At the time the purchase agreement is signed, the buyer should obtain insurance for the animal. If the horse is not purchased the buyer can cancel the policy.

-The contract should include a payment schedule, vetting schedule, deposits (whether refundable or not refundable), legal venue, and attorney fees clause. Don’t sign a contract with an “AS-IS” clause. If you are willing to allow the seller to review the exam, this should also be in the contract. Otherwise, the veterinarian will not be able to speak with them about their horse’s vetting since you are the client.

-If you try a horse in Florida, California or Kentucky you want to ensure the contract is pursuant to that State’s laws.

These states have excellent equine laws to assist both the buyer and seller. For instance, dual agency (acting on behalf of the buyer and seller) is unlawful in these states without the prior knowledge and written consent of both the buyer and seller.
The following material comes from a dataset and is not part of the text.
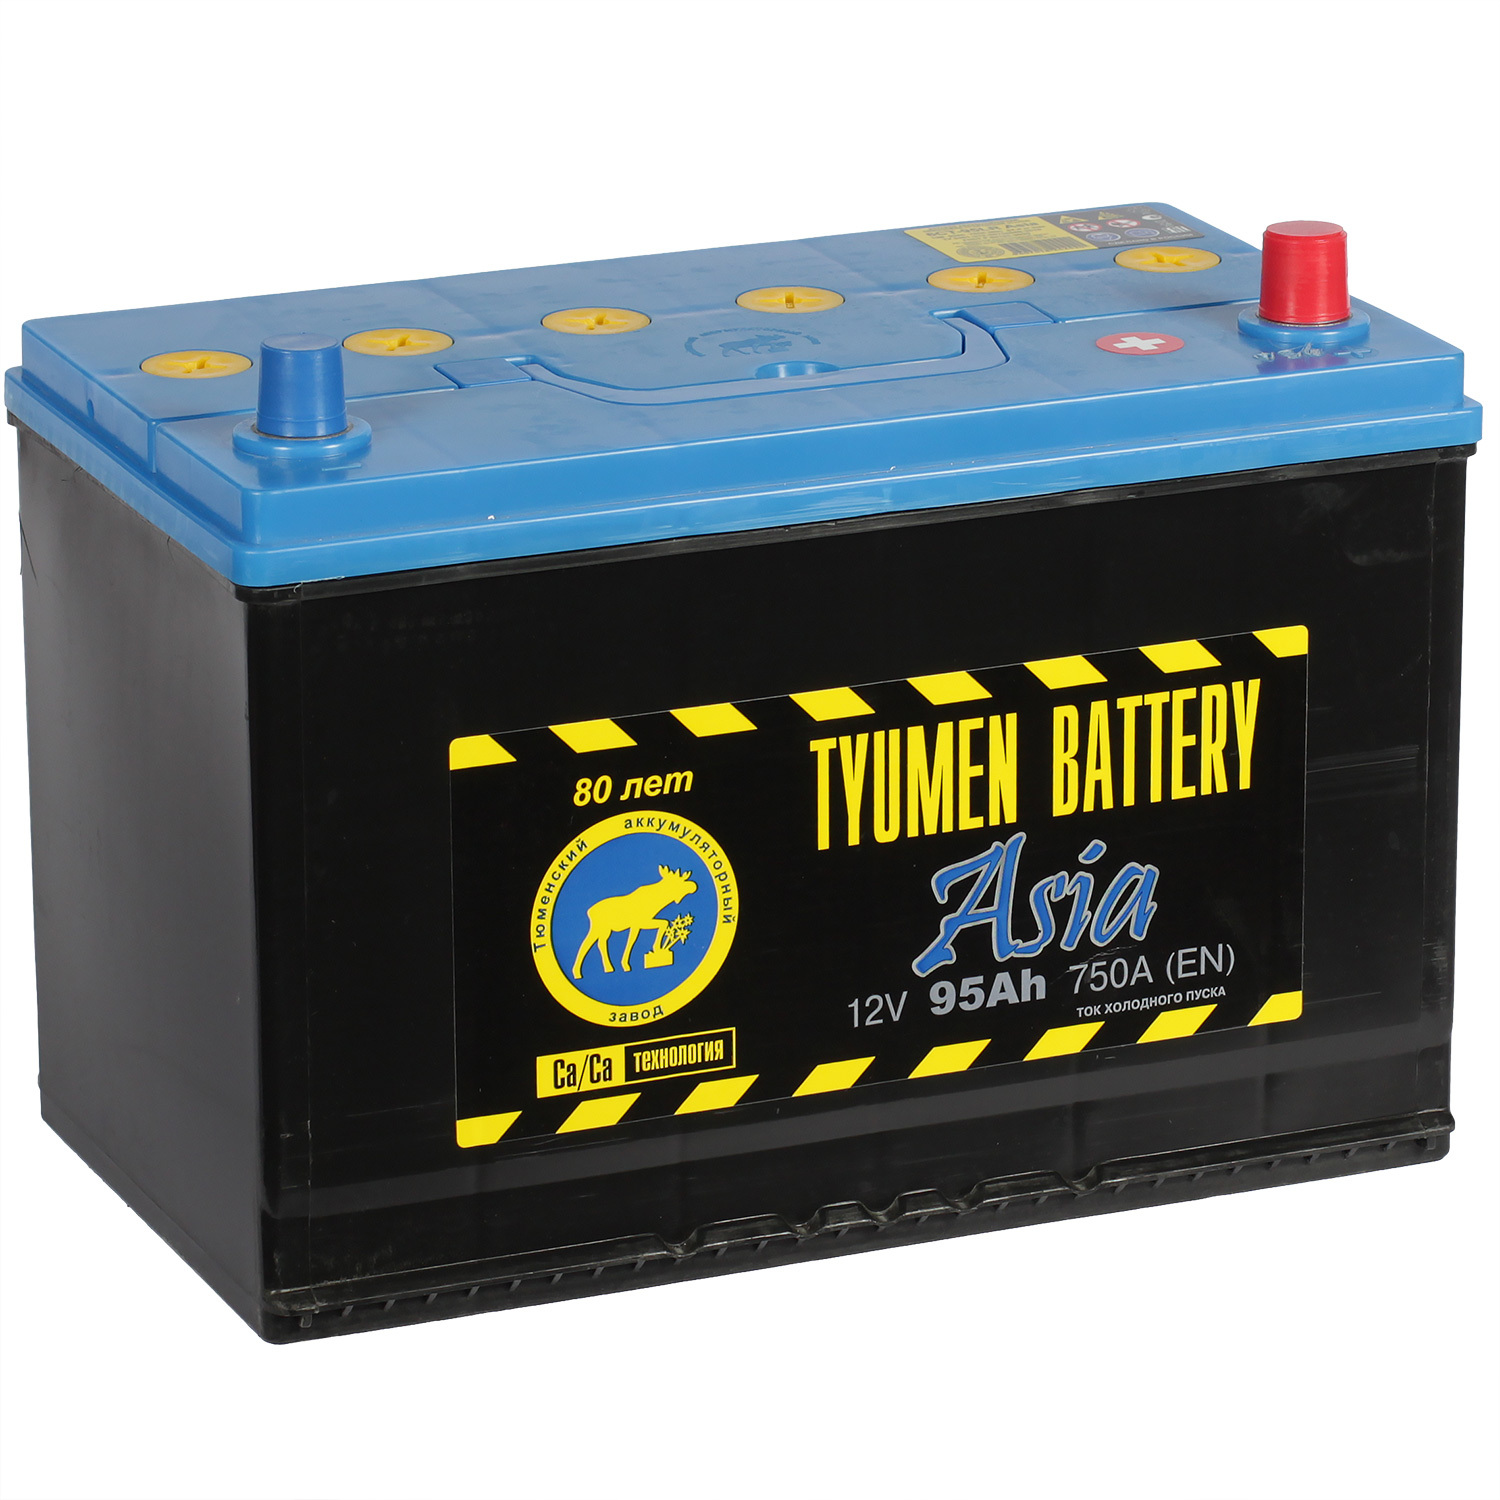 Tyumen Battery Автомобильный аккумулятор Tyumen Battery 95 Ач обратная полярность D31L tyumen battery автомобильный аккумулятор tyumen battery standard 55 ач прямая полярность l2

All too often people come to Florida and try a horse, have it vetted, and purchase it — then sign a contract that reflects another state’s laws. 

-Once an agent has located a suitable horse for you the agent should defer to the veterinarian doing the pre-purchase as to whether or not the horse is sound. Once the vet has determined the horse is sound, it is the agent’s job to close out the transaction by securing the paperwork.

The buyer should insist on paying the seller directly, no exceptions. The buyer should pay their agent and the seller pays their agent.  The money should never go through the agent’s hands

Navin says clients often ask her if they need such a lengthy and complicated contract. She says, “You bet! You can address problems up front and if a Seller won’t sign the contract then something is being hidden.”

And, if you haven’t received full disclosure you might be the victim of fraud.

So what do you do if you’re the buyer who’s shocked because you paid $150,000, but the prior owner tells you she’s happy with the $25,000 she got because her trainer said no one wants medium ponies these days?

Navin says don’t run straight to the attorney. She says the best method for resolving these disputes is communication. Sitting down and requesting answers to specific questions may get you much farther than lawyering up. If something nefarious happened in the deal, the players may work out a solution as opposed to having their dirty laundry hung on the line. If you reach a resolution, get it in writing and signed by all parties. Then you have a legal contract.

If those involved are not willing to make it right, gone are the days that victims just walk away.

Navin says an attorney with a background in contract law can help address any issues. A good equine attorney may have a leg-up with their understanding of the industry’s nuances she says.

While you may experience push-back from your professionals initially, you can expect a more transparent buying experience or the opportunity to work with more honest horse professionals, if you follow the steps provided.